Research Summary: Although the molecular mechanisms by which host cells defend themselves against viral infection have been studied in great depth, and countermeasures viruses employ to suppress such defensive responses have been widely documented, relatively little attention has been devoted toward elucidating how such interactions between virus and host are resolved over multiple rounds of infection. Trainee Adam Swick, together with lab colleagues, has developed of a dual-color fluorescent reporter system to study how viral infections spread through a host cell monolayer and how the cellular innate immune system mounts an antiviral response.

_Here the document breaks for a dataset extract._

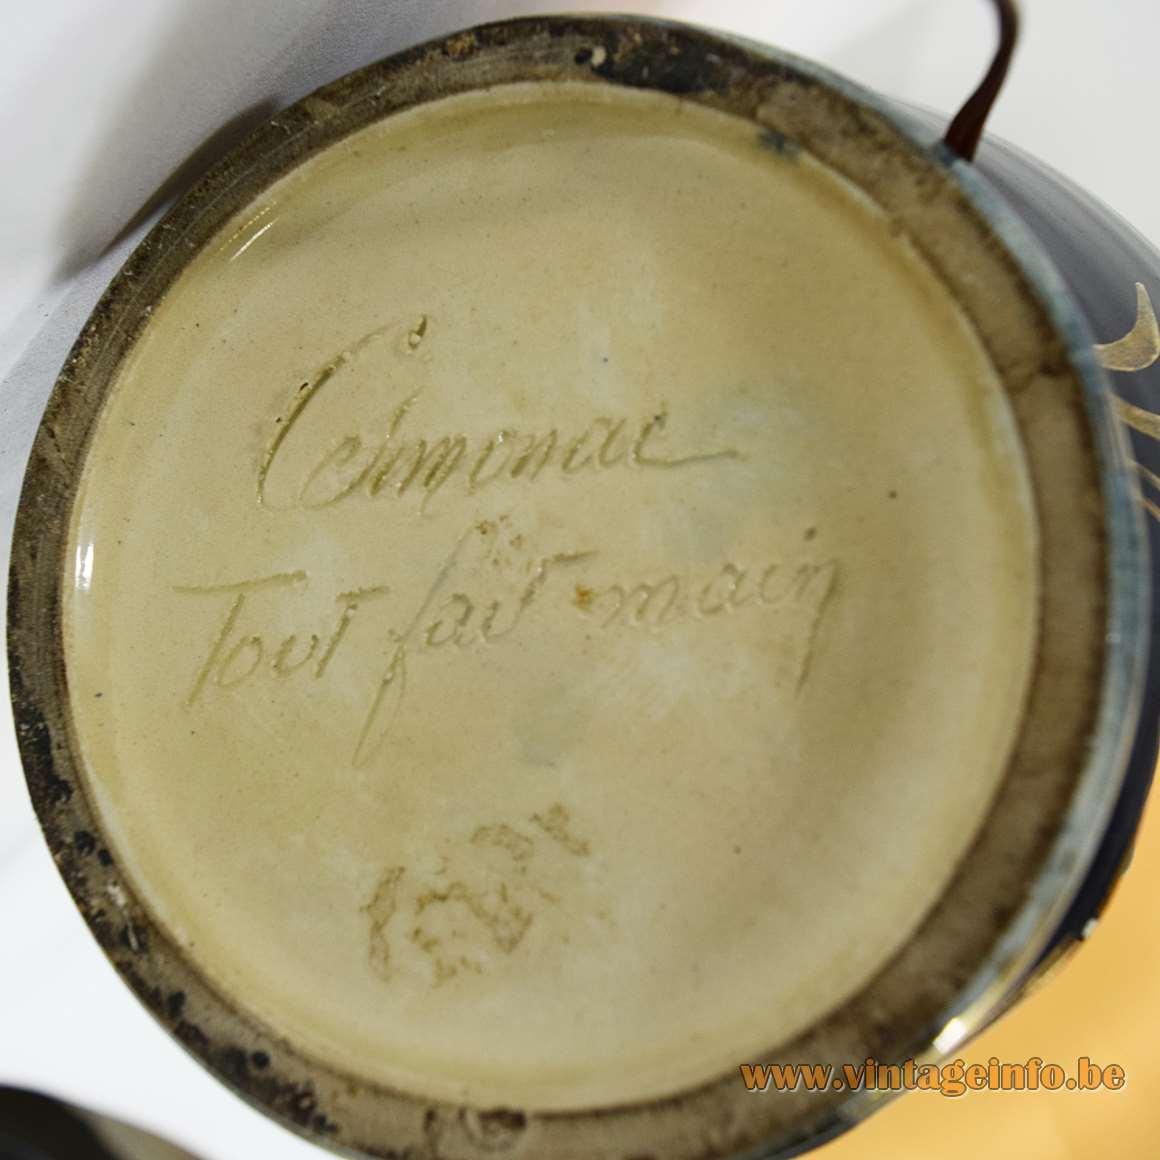 "Cermonac Monaco Table Lamp - Tout fait main - ""All by hand"""

He employed recombinant, red fluorescent protein (RFP) expressing mutants of a prototypical RNA virus, vesicular stomatitis virus (VSV) to enable identification and tracking of infected cells. Further, he generated stable reporter cells that use green fluorescent protein (GFP) to report on the expression of IFIT2, an interferon stimulated gene (ISG) involved in the interference of viral protein translation, and a marker of antiviral defense activation. This two-color system enabled Adam to track and quantify in live cells how viral replication and activation of host defensive responses play out over multiple rounds of infection. Initial study of propagating infections demonstrated that antiviral activation over multiple rounds was critical for slowing and ultimately halting the spread of infection.

Adam was awarded a Nationa Science Foundation Graduate Fellowship Award in 2011. Dr. Swick is currently a Project Manager at Catalent Pharma Solutions.